The output above shows the model configurations, overall training progress, train loss, validation loss and validation metrics, which is an R^2 score.

To further run the trained model in predict mode to obtain predictions for new samples, the following command should be run from the command line:

CUDA_VISIBLE_DEVICES=0 python --nproc_per_node=1 --config_file=example_configs/  --mode="predict"

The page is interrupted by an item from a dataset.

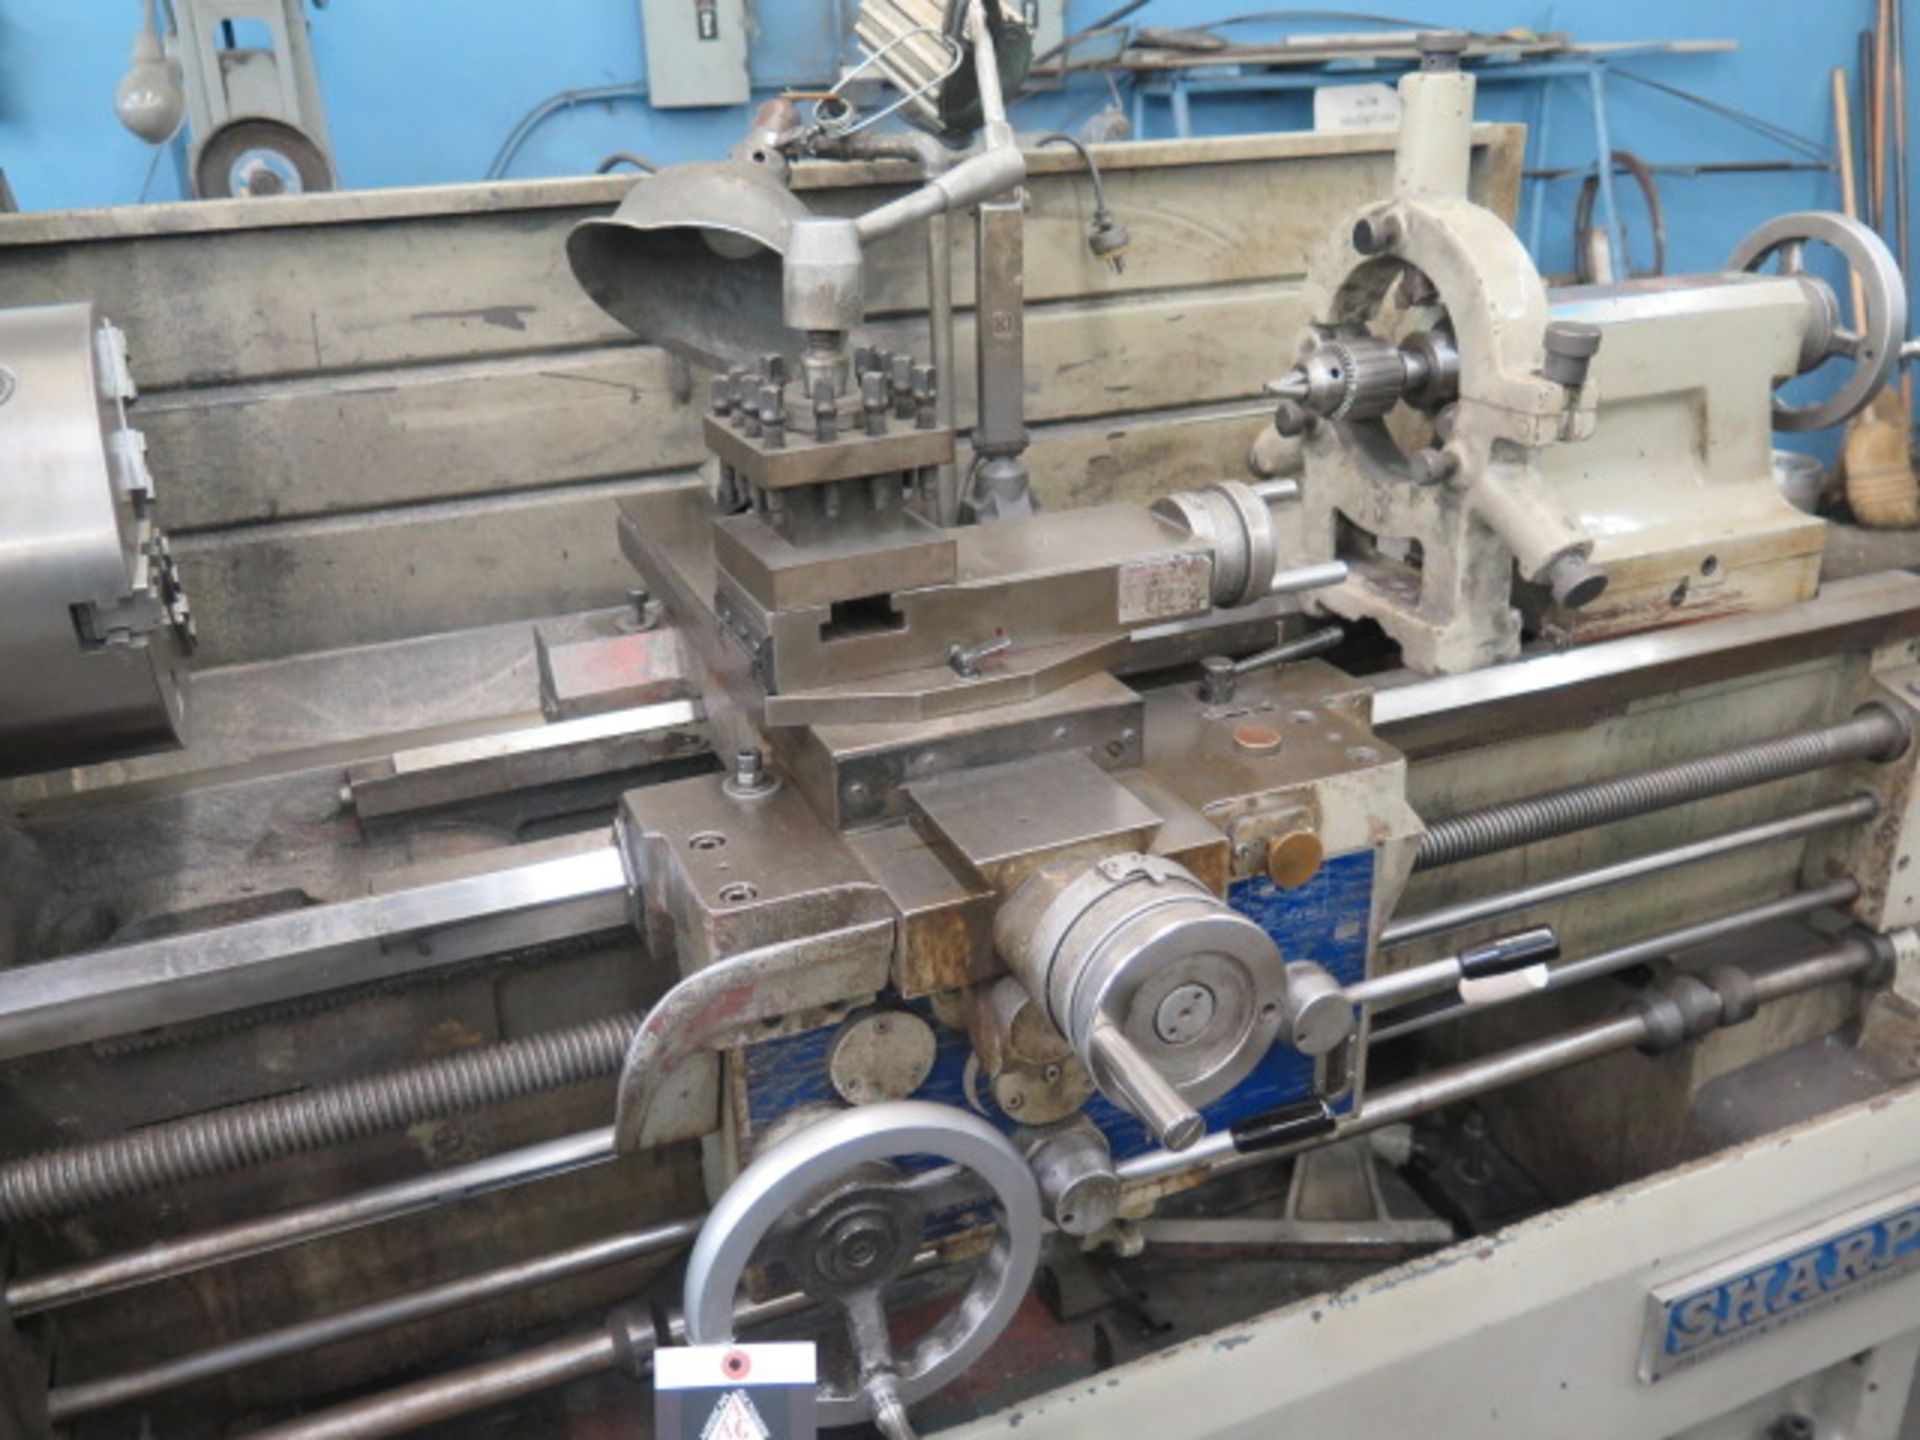 2003 Sharp 1640LV 16" x 40" Gap Bed Lathe s/n 2905217 w/ 20-2000 DVS Digital Variable, SOLD AS IS - Image 8 of 12

Output will be the following:

2020-11-04 12:15:09,379 openchem INFO: Running on 1 GPUs
2020-11-04 12:15:09,380 openchem INFO: Logging directory is set to logs/logp_mlp_logs
2020-11-04 12:15:09,380 openchem INFO: Running with config:
batch_size:                                       256
logdir:                                           logs/logp_mlp_logs
lr_scheduler_params/gamma:                        0.9
lr_scheduler_params/step_size:                    15
mlp_params/dropout:                               0.5
mlp_params/input_size:                            2048
mlp_params/n_layers:                              4
num_epochs:                                       101
optimizer_params/lr:                              0.001
print_every:                                      20
random_seed:                                      42
save_every:                                       5
task:                                             regression
use_cuda:                                         True

2020-11-04 12:15:11,731 openchem INFO: Loading model from logs/logp_mlp_logs/checkpoint/epoch_100
2020-11-04 12:15:13,395 openchem.predict INFO: Predictions saved to logs/logp_mlp_logs/predictions.txt
2020-11-04 12:15:13,395 openchem.predict INFO: PREDICTION: [Time: 0m 1s, Number of samples: 2835]

This output shows model configuration, where parameters were loaded from and where predictions were saved to.